Therefore, in order to save more time on the selection of the necessary phrases, special expressions, and formulations, we have selected a few suggestions for daily notes that simplify filling out the documents, while maintaining their content and accuracy. As a result, they are better able to organize their work and develop their skills in the field of speech-language pathology.

A SOAP note format is one of the most effective ways to fill out a progress note.

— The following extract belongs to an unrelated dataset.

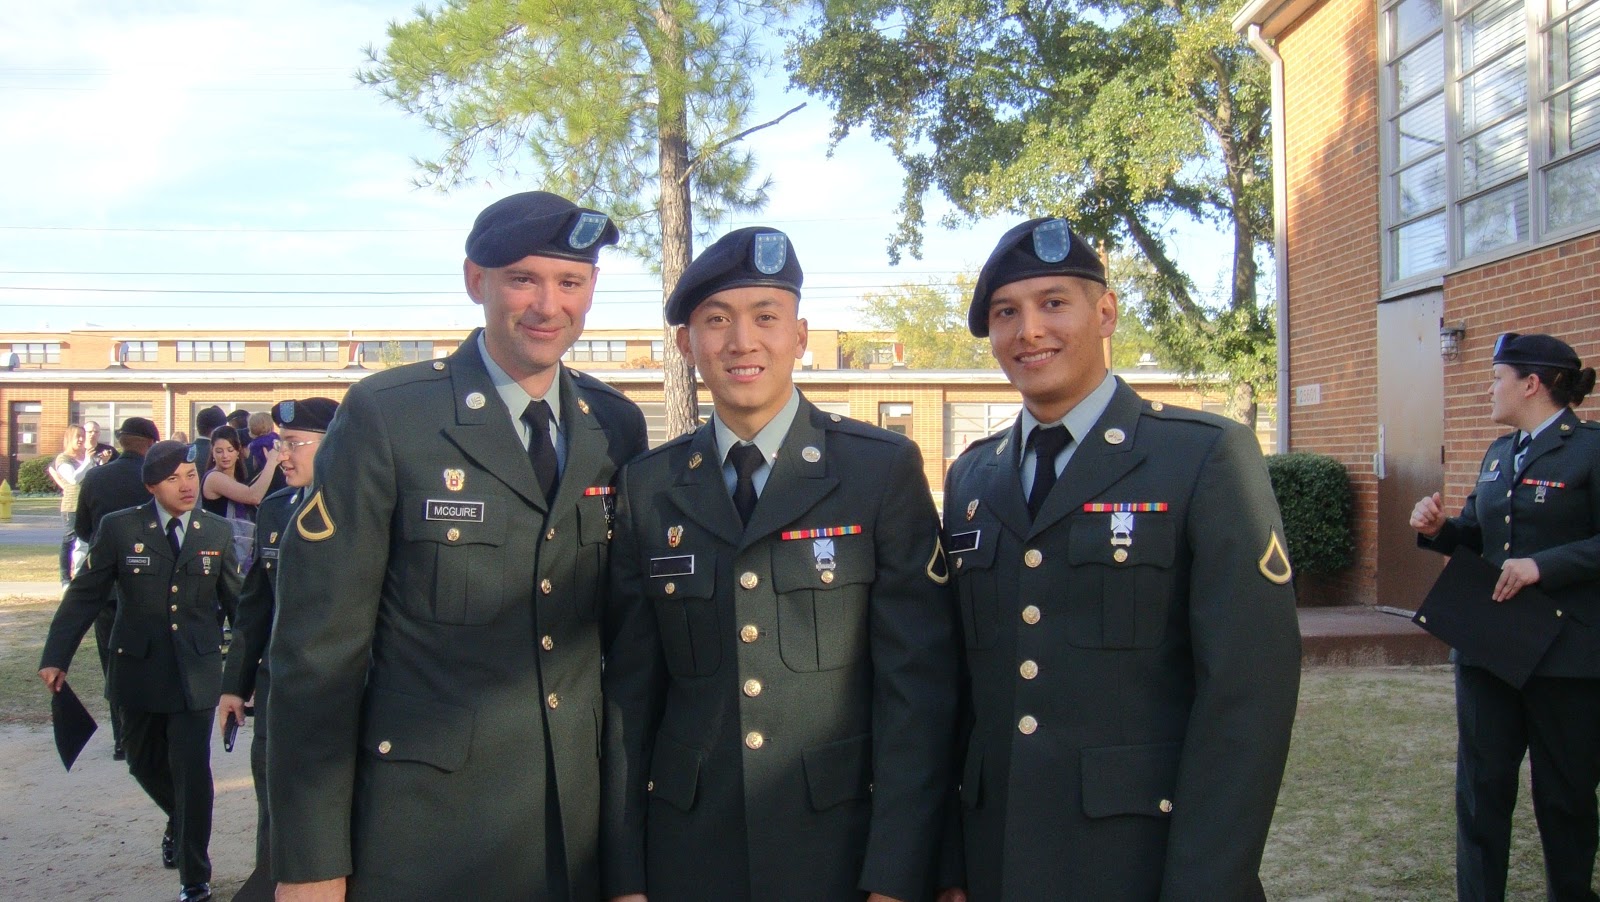 My Army Experience Graduation Photos (AIT Fort Gordon)

We are planning to teach you how to use this tool in your private practice. In addition, we are going to give you some lifehacks and tips that will make the client's progress a reality.

SOAP Note Format for Speech Therapy Sessions: What is It?

SOAP notes are widely used by various specialists: mental health professionals, psychologists, caregivers, and speech-language pathologists.

When filling out a document for clients, it is necessary to know the content of regulatory documents related to this issue. It is also necessary to remember the age and individual characteristics of the person based on his diagnostic data, and take into account the results of speech development.

This information is included in the soap note template.

#1. S is for Subjective

The subjective section contains information about the actual state of the patient. Ideally, this part of the notes should be as true to life as possible. What does it mean?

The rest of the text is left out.